Descriptive statistics essay

Descriptive Statistics

Mean and standard deviation
Mean = Summation / Sample size
Summation = 3 + 5 + 6 + 6 + 8 + 8 + 9 + 9 + 9 + 10 + 11 + 45 = 129
Sample size = 129/12 = 10. 75
Standard deviation = √ Σ(x- µ) 2/N-1
Where;
X represents each score

µ is the mean

N is the sample size
Σ(x- µ) 2 = (3-10. 75)2 + (5-10. 75)2+ (6-10. 75)2+ (6-10. 75)2 + (8-10. 75)2 + (8-10. 75)2 + (9-10. 75)2 + (9-10. 75)2
+ (9-10. 75)2 + (10-10. 75)2 + (11-10. 75)2 + (45-10. 75)2 = 1336. 25

Therefore;

Standard deviation = √ {1336. 25/ (12-1)} = 11. 02

Comparison of the two treatments
The mean number of months that the new treatment delays significant disability and complications of the disease is 10. 75 with a standard deviation of 11. 02. On the other hand, the mean and standard deviation of the old treatment are 9. 6 and 3. 2 respectively . The mean number of months that the new treatment delays the onset of severe complications of the disease is higher by 1. 15 months.

However, the standard deviation of the new treatment is high compared to the old treatment. This implies that data on the new treatment method is widely spread apart. Therefore, using the mean as a measure of central tendency may not be reliable. For example, the last value of the new treatment has a very large range with the other values. If it is eliminated the mean will vary greatly. Therefore, the mean may not be the most appropriate measure of central tendency to use when comparing the number of months that the two treatments delay significant disability and complications of the disease. This is because of the huge difference in the standard deviation between the two groups. Other measures of central tendency could be used to compare the two groups such as median or mode. Alternatively, data of the old treatment method and the new treatment method could be converted to a normal distribution using z-score to facilitate comparison.

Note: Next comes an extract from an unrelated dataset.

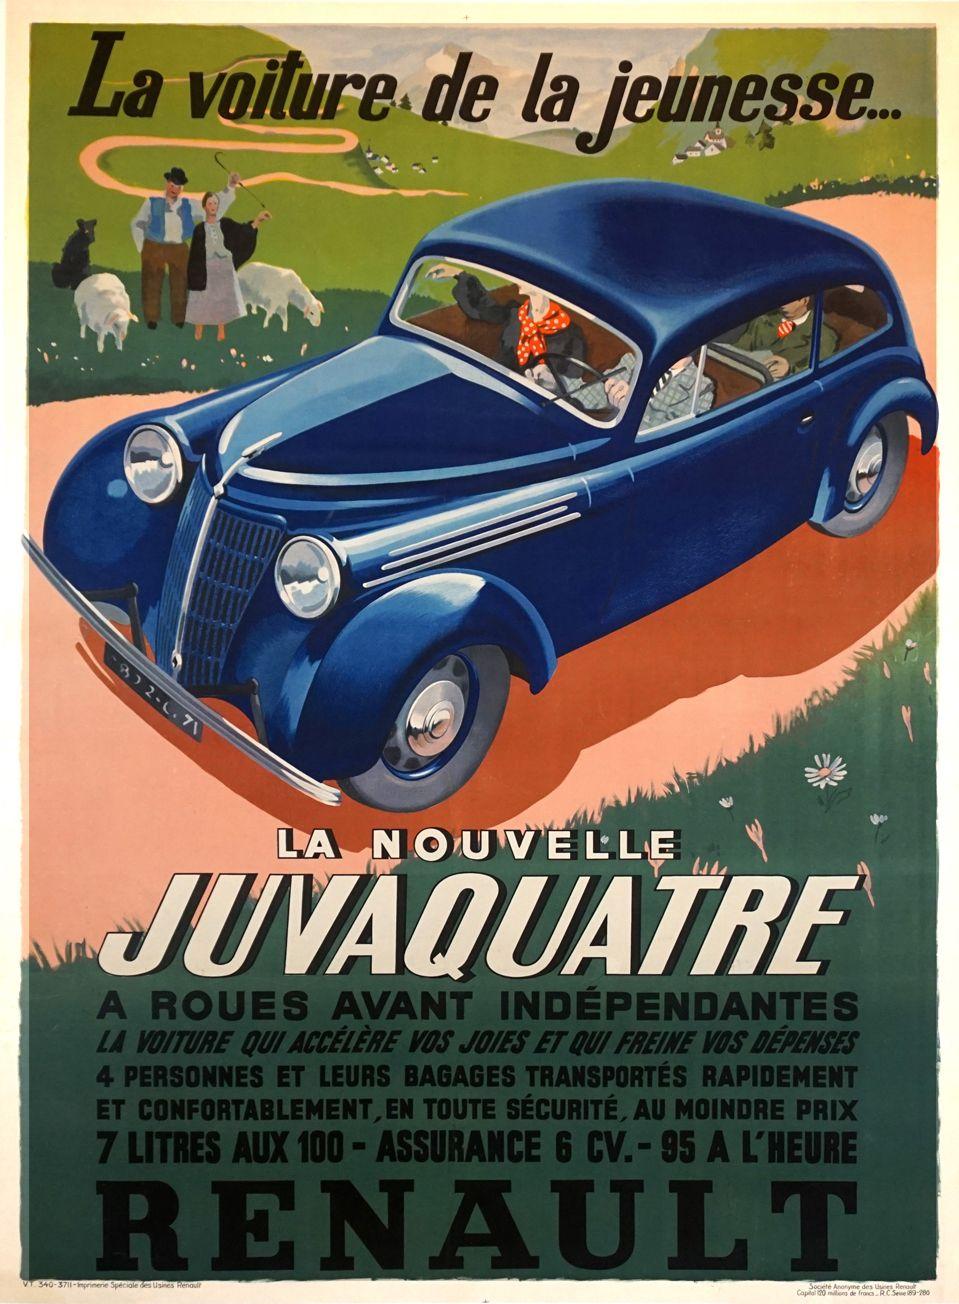 French Vintage Art Deco Automobile Poster For Renault Juvaquatre 1937 Vintage Posters By La Belle Epoque Vintage Posters In Nyc Car Posters Classic Cars Vintage Vintage Posters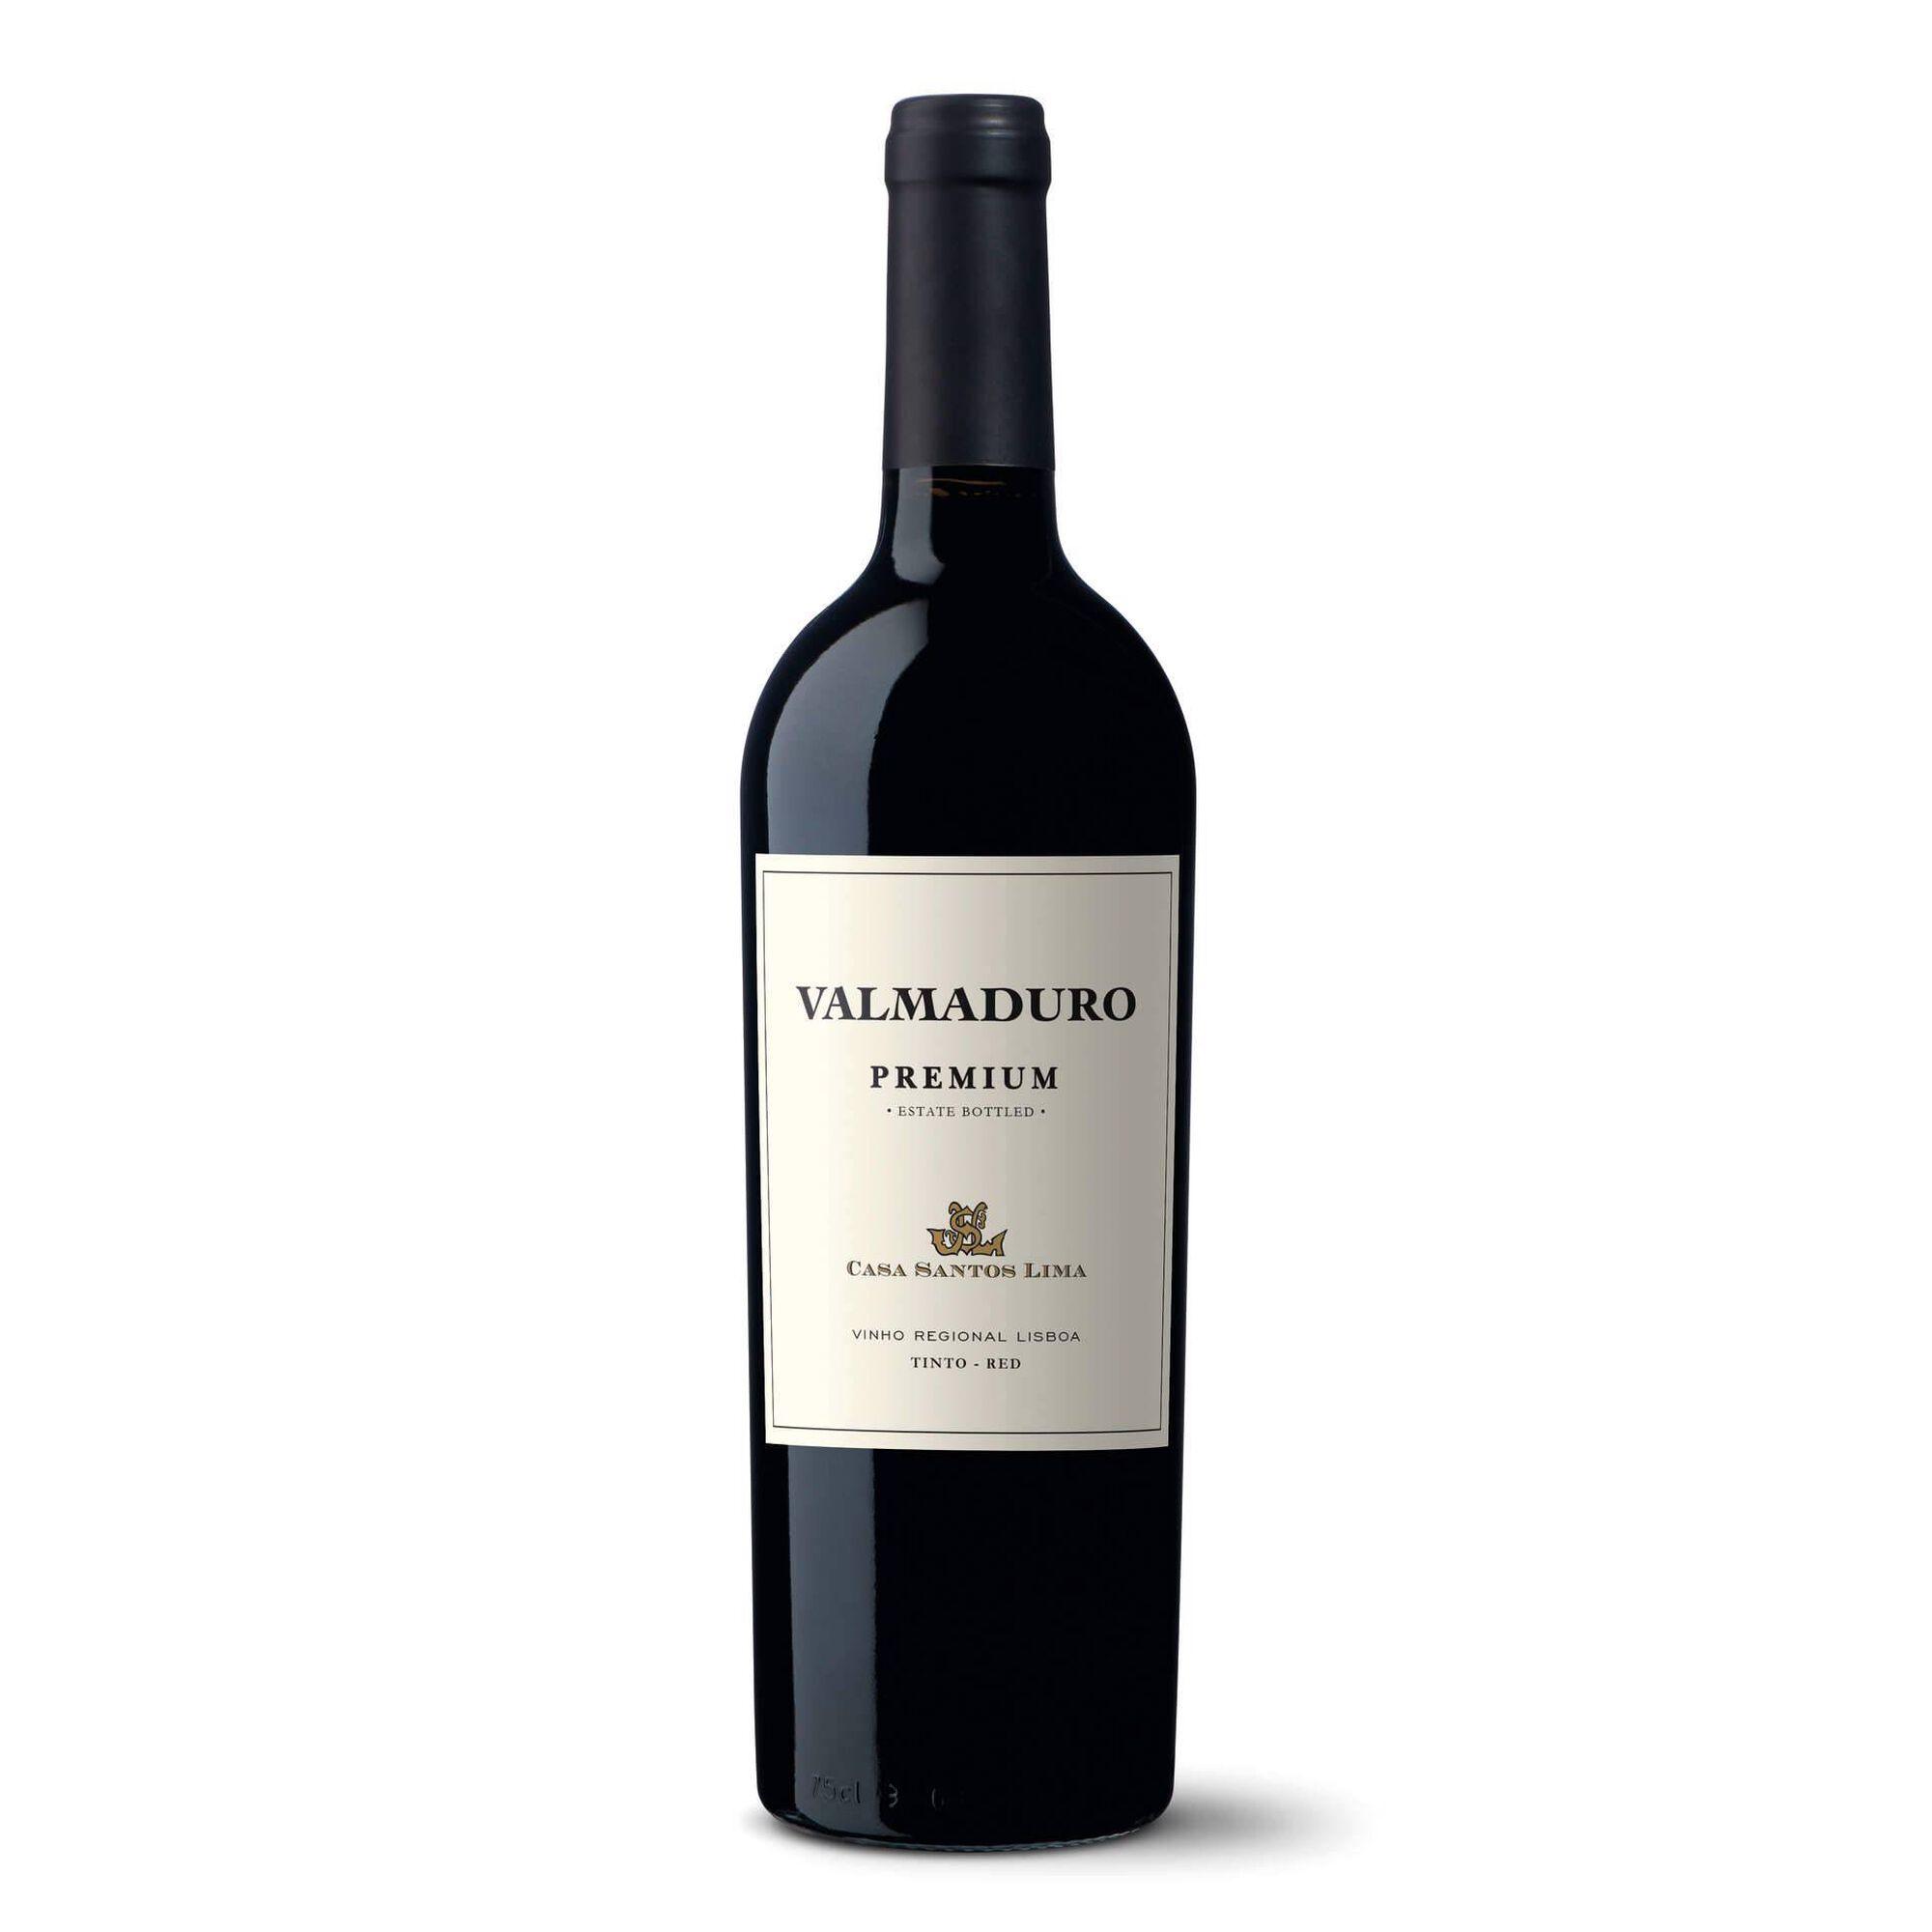 Valmaduro Premium Regional Lisboa Vinho Tinto

Factors I would consider when making the decision about funding the research.

There are several factors that I would consider when making the decision about funding the research. The first one is the objectivity of the findings. The findings should be free from the researcher’s bias. This is because the researcher could have altered the findings to make them look impressive. The second one is the accuracy and reliability of the findings. The measuring methods used to obtain data should be accurate and free from error. Similarly, the data should be from reliable sources so that it paints a true picture of the research. The cost of the research is also a determining factor in the decision making process. The American Heart Association has financial limitations just like any other organization and it can only fund a research whose costs are within its ability. It would also be prudent to compare the costs verses the benefits. The research will only be viable if the anticipated benefits outweigh the costs. Therefore, I would only fund a research whose costs are lower than the expected benefits.

Recommendations to the board

I would tell the board that this study does not show any promise. First, the sample used is too small to draw a meaningful conclusion from it. Secondly, the standard deviation of 11. 02 is very large compared to that of the old treatment which means the data is widely spread. This implies that the individual values are not consistent. The new treatment’s last value of 45 is an extreme value explains why the mean of the new treatment is higher. If the value is eliminated, the mean falls to 7. 6 which is lower than the mean of the old treatment. Based on this, it is not worth to grant more funds to continue with the study.

References

Hays, W. L. (2006). Statistics (revised ed.). San Diego: Harcourt Brace College Publishers.

Jackson, S. L. (2011). Research Methods and Statistics: A Critical Thinking Approach (4 ed.). London: Cengage Learning.
Klugh, H. E. (2009). Statistics: the essentials for research (6, illustrated ed.). New York: Wiley.